Using Distributed Grouped Aggregation
Grouped Aggregation is a pattern that occurs when the output of a GroupBy operation is immediately followed by an Aggregate operation on each group. This pattern frequently occurs in distributed computing. For example, if you want to use a large census data set to find the average household income by postal code, you need grouped aggregation. The operation is sometimes called the GroupBy-Aggregate pattern or the Group-and-Aggregate pattern.
LINQ to HPC performs sophisticated optimization for distributed grouped aggregation even though the programming interface is high-level. LINQ to HPC automatically analyzes expression trees to create optimized query plans that decompose grouped aggregation operations into efficient, distributed computations.
Implementation approaches for grouped aggregation
There are several ways in which grouped aggregation can be accomplished. The following code uses hash partitioning to implement it.
string wordData = ...
var query =
context.FromDsc<string>(wordData)
.HashPartition(x => x)
.Apply(localRecords => LocalGroupBy(localRecords))
.Select(g => new KeyValuePair<string, long>(g.Key, g.LongCount()));
This code demonstrates how a word count problem might be solved by using distributed computing. An input file set with multiple DSC files contains a list of words, and the output is a file set that contains (word, count) pairs, with each word appearing just once in the output.
The first step uses a HashPartition operation to redistribute the data so that identical words appear on the same machine. The second step performs a local grouping operation on each computer. The results contain elements such as "dog: {dog, dog}", which represents a group whose key is "dog" and whose elements are {dog, dog}. Finally, the code aggregates the elements of each group by counting them. The final result is a sequence of (word, count) pairs.
Here is the definition of the LocalGroupBy operator.
[DistributiveOverConcat]
public static IEnumerable<IGrouping<string, string>>
LocalGroupBy(IEnumerable<string> localRecords)
{
return localRecords.GroupBy(x => x); // use LINQ-to-Objects query
}
Refer to the Unary Apply section for information about the [DistributiveOverConcat] attribute.

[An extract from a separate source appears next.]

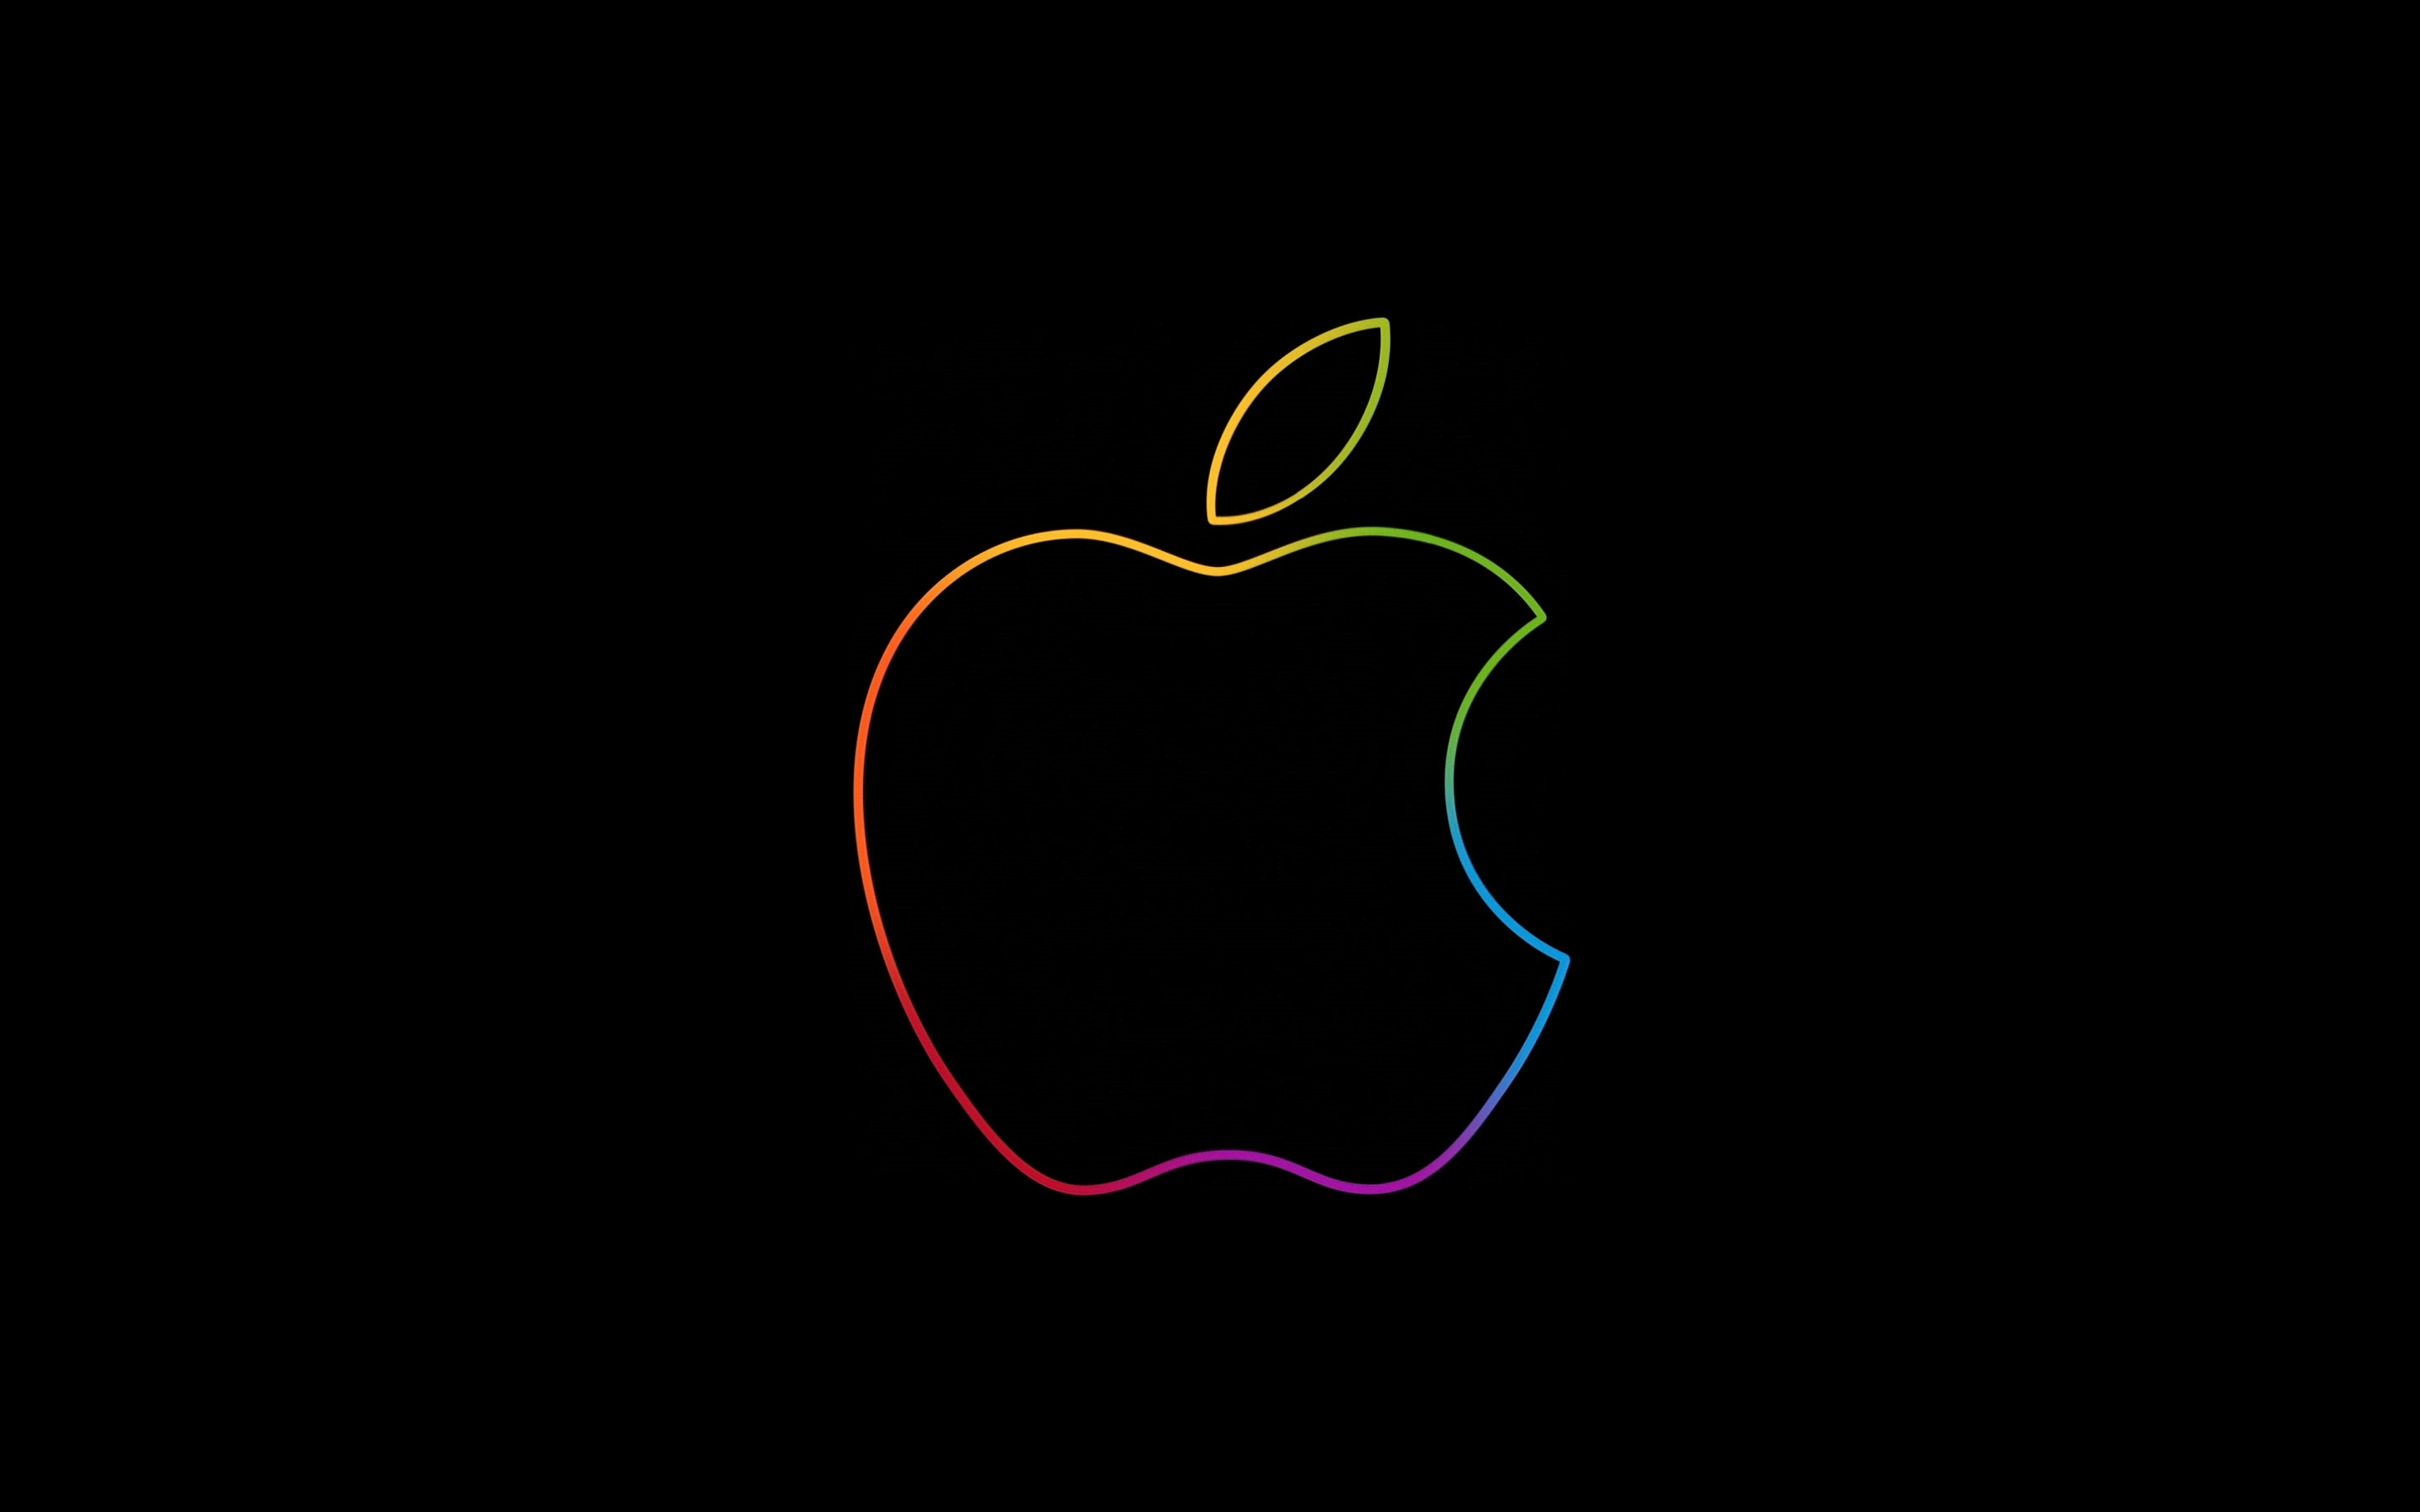 The famous Apple logo wallpaper 2880x1800

The following figure illustrates how this query executes when the data set includes the words "cat", "dog", "fish", and "goat".
Although this implementation produces the correct result, it can be expensive if the input file set is very large. It is quicker to decompose the counting operation into two phases, and to do the counting early, before redistributing any of the data. Here is the code for the improved version.
string wordData = ...
var query = context.FromDsc<string>(wordData)
.Apply(localRecords => LocalPartialReduce(localRecords))
.HashPartition(x => x.Key)
.Apply(localResults => LocalCombine(localResults));
The second word count implementation adds a step that performs partial reduction by using distributed computing in the first phase of the algorithm, before any data is copied across the cluster. Here is the definition of the LocalPartialReduce operator that initially reduces the input data.
[DistributiveOverConcat]
public static IEnumerable<KeyValuePair<string, long>>
LocalPartialReduce(IEnumerable<string> localRecords)
{
return localRecords.GroupBy(x => x)
.Select(g => new KeyValuePair<string, long>(
g.Key, g.LongCount()));
}
The query in the LocalPartialReduce method uses LINQ-to-Objects to perform local partial reduction on each of the compute nodes.
Here is the definition of the LocalCombine operator that combines the results of the initial reduction phase.
[DistributiveOverConcat]
public static IEnumerable<KeyValuePair<string, long>>
LocalCombine(IEnumerable<KeyValuePair<string, long>> localResults)
{
return localResults.GroupBy(x => x.Key)
.Select(g => new KeyValuePair<string, long>(
g.Key, g.Sum(x => x.Value)));
}
The query in the LocalCombine method uses LINQ-to-Objects to combine the partial results that were calculated earlier. The LocalCombine method is executed in a distributed manner on the compute nodes.
The following figure illustrates how the revised query works.
In the improved version, the initial count operation takes place in a distributed manner and does not require values to be copied with an expensive hash partitioning operation. After the group-and-aggregate operation is completed for each DSC file of the input file set, the partial results are distributed across the cluster, based on their key.
Next, a second GroupBy operation collects the partial results for each word key. A local aggregation operation combines the partial results for each word by adding the previously calculated counts.
You can see that the second version of the word-count example significantly improves performance for large data sets, as compared with the first version. Many fewer records are copied than in the example that performs all aggregation after the hash partitioning.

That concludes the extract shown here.